Platypus milk contained a protein with rather unusual and protective antibacterial characteristics.
Platypus milk has unique proteins with antibacterial properties that may prove to be an unlikely hero in the global fight against drug resistant pathogens.
Due to its unique features - duck-billed, egg-laying, beaver-tailed and venomous- the platypus has long exerted a powerful appeal to scientists, making it an important subject in the study of evolutionary biology.
In 2010 scientists discovered that platypus milk contained unique antibacterial properties that could be used to fight superbugs.
Researchers at Commonwealth Scientific and Industrial Research Oganisation (CSIRO) and Deakin University in Australia have solved a puzzle that helps explain why platypus milk is so potent - bringing it one step closer to being used to save lives.
The discovery was made by replicating a special protein contained in platypus milk in a laboratory setting.
"Platypus are such weird animals that it would make sense for them to have weird biochemistry," said Janet Newman, CSIRO scientist.

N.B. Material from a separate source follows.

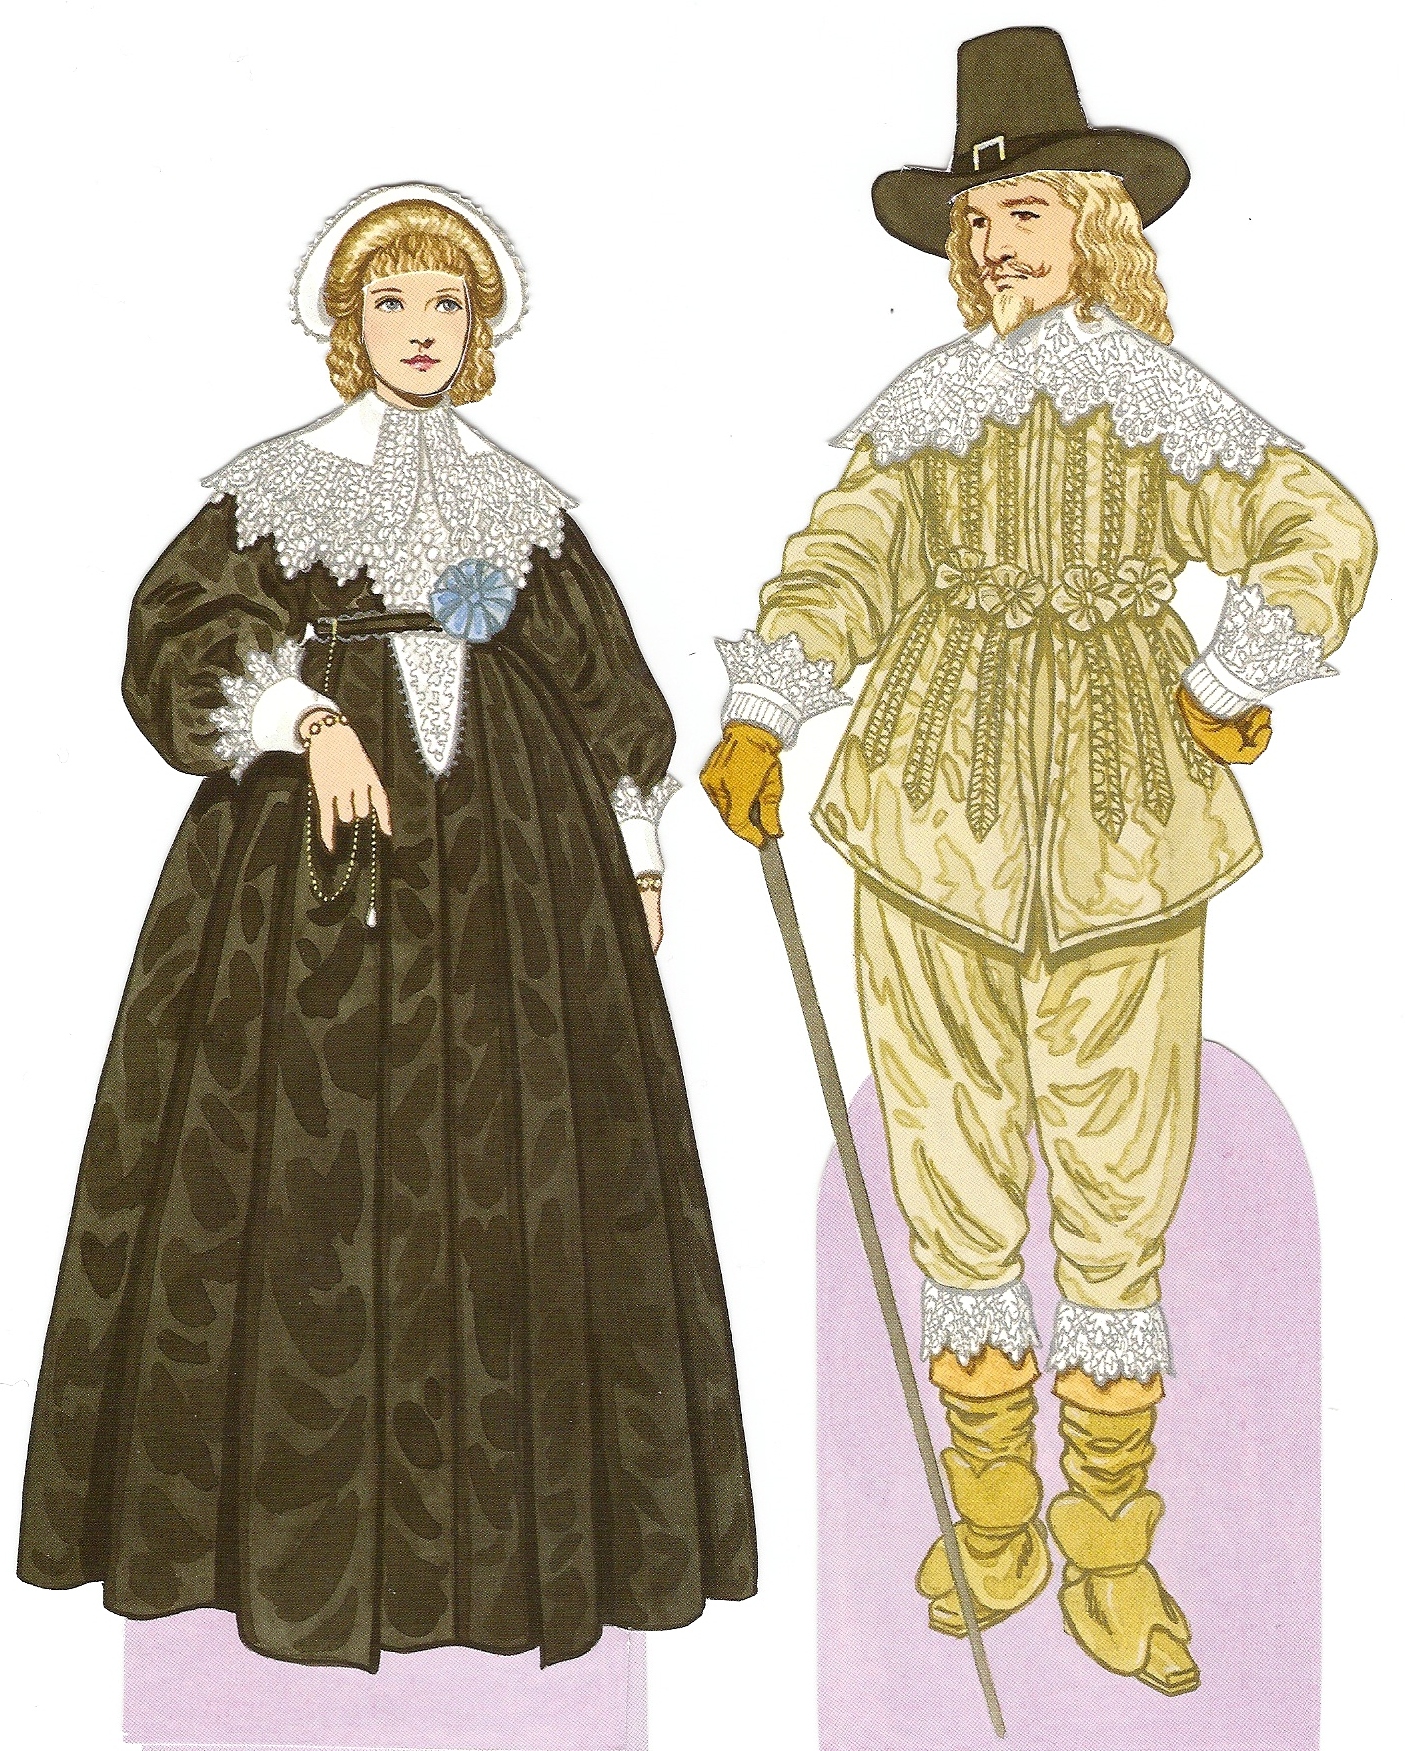 Fashions of the Middle Classes, as Portrayed by Paper Dolls
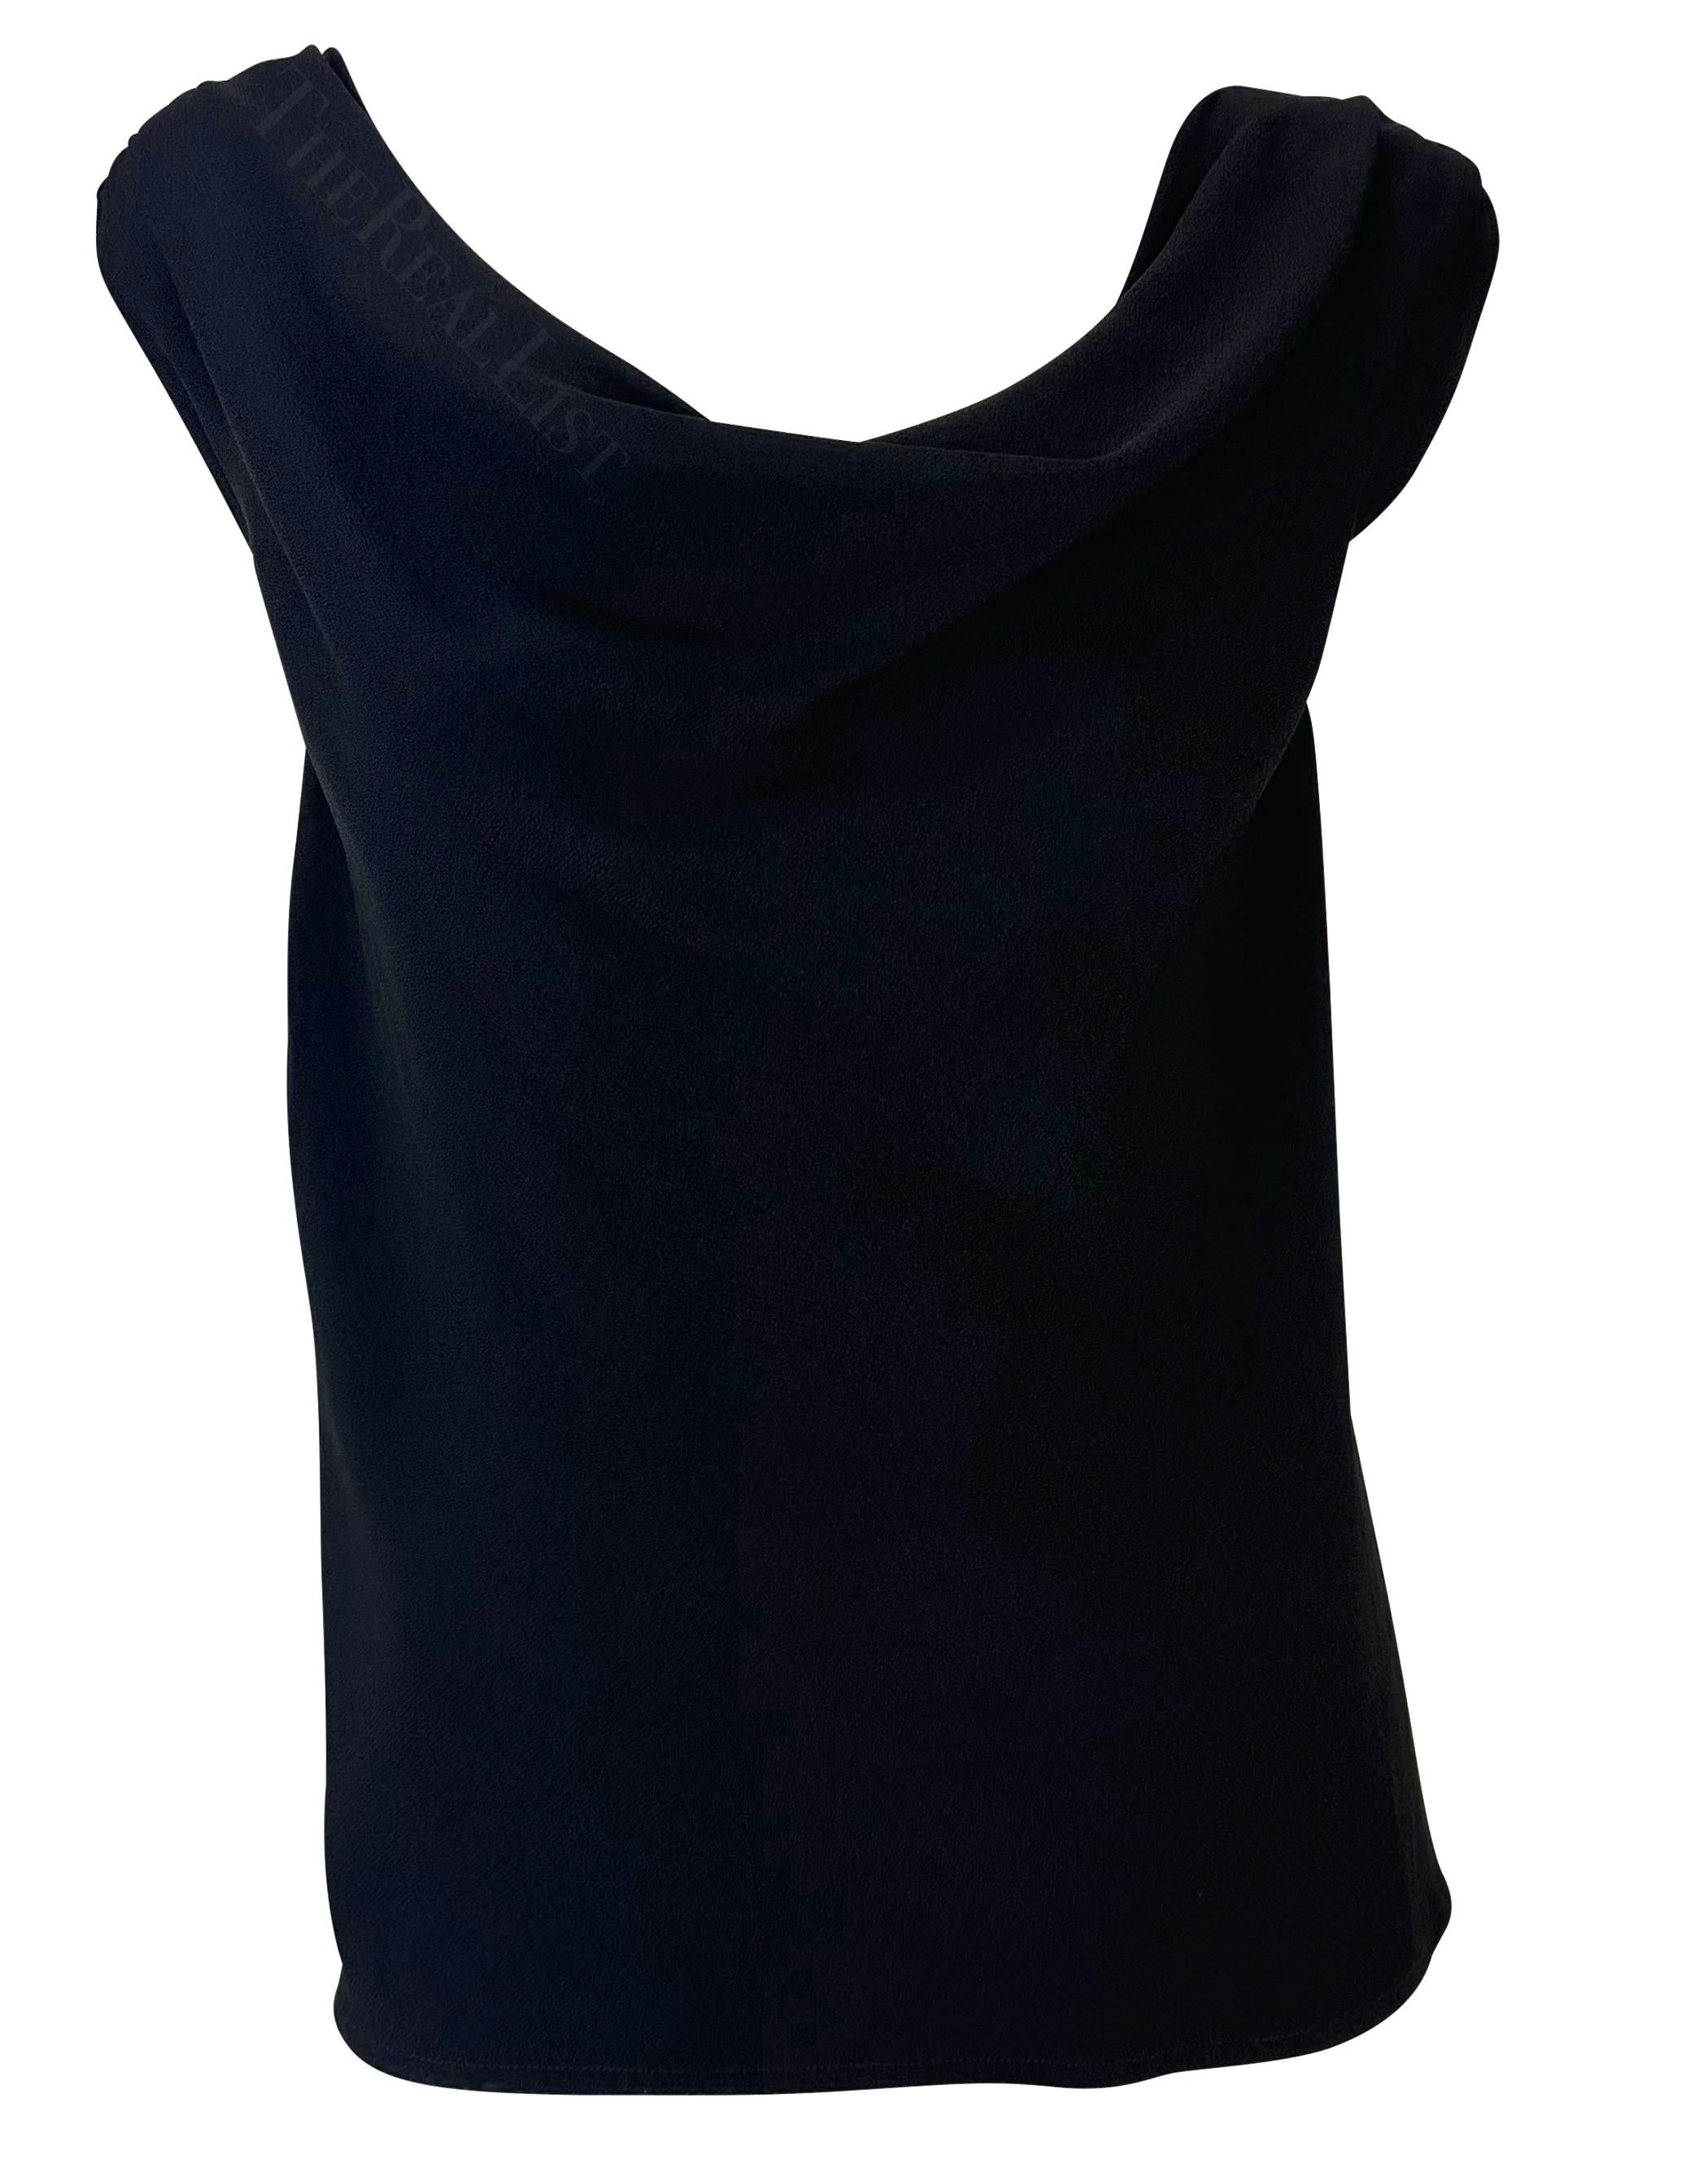 Presenting a chic black Saint Laurent Rive Gauche top, designed by Yves Saint Laurent. From the 1980s, this sleeveless top features a wide scoop neckline, cowl neck, and off-the-shoulder petal sleeves. Perfectly timeless, this vintage top is a

"The platypus belongs to the monotreme family, a small group of mammals that lay eggs and produce milk to feed their young," said Newman, lead author of the study published in the journal Structural Biology Communications.
"By taking a closer look at their milk, we've characterised a new protein that has unique antibacterial properties with the potential to save lives," she said.
Using X-ray crystallography, the team discovered a unique structure in the platypus milk protein which, when solved, formed a three dimensional fold, similar to a ringlet.
As platypus do not have teats, they express milk onto their belly for the young to suckle, exposing the mother's highly nutritious milk to the environment, leaving babies susceptible to the perils of bacteria.
Researchers believed this was why the platypus milk contained a protein with rather unusual and protective antibacterial characteristics.
"We were interested to examine the protein's structure and characteristics to find out exactly what part of the protein was doing what," said Julie Sharp at Deakin University.
Researchers successfully made the protein, then deciphered its structure to get a better look at it. They found a unique, never-before-seen 3D fold.
Due to its ringlet-like formation, researchers have dubbed the newly discovered protein fold the 'Shirley Temple', in tribute to the former child-actor's distinctive curly hair.
"Although we've identified this highly unusual protein as only existing in monotremes, this discovery increases our knowledge of protein structures in general, and will go on to inform other drug discovery work done at the Centre," she said.
In 2014 the World Health Organisation released a report highlighting the scale of the global threat posed by antibiotic resistance, pleading for urgent action to avoid a "post-antibiotic era", where common infections and minor injuries which have been treatable for decades can once again kill.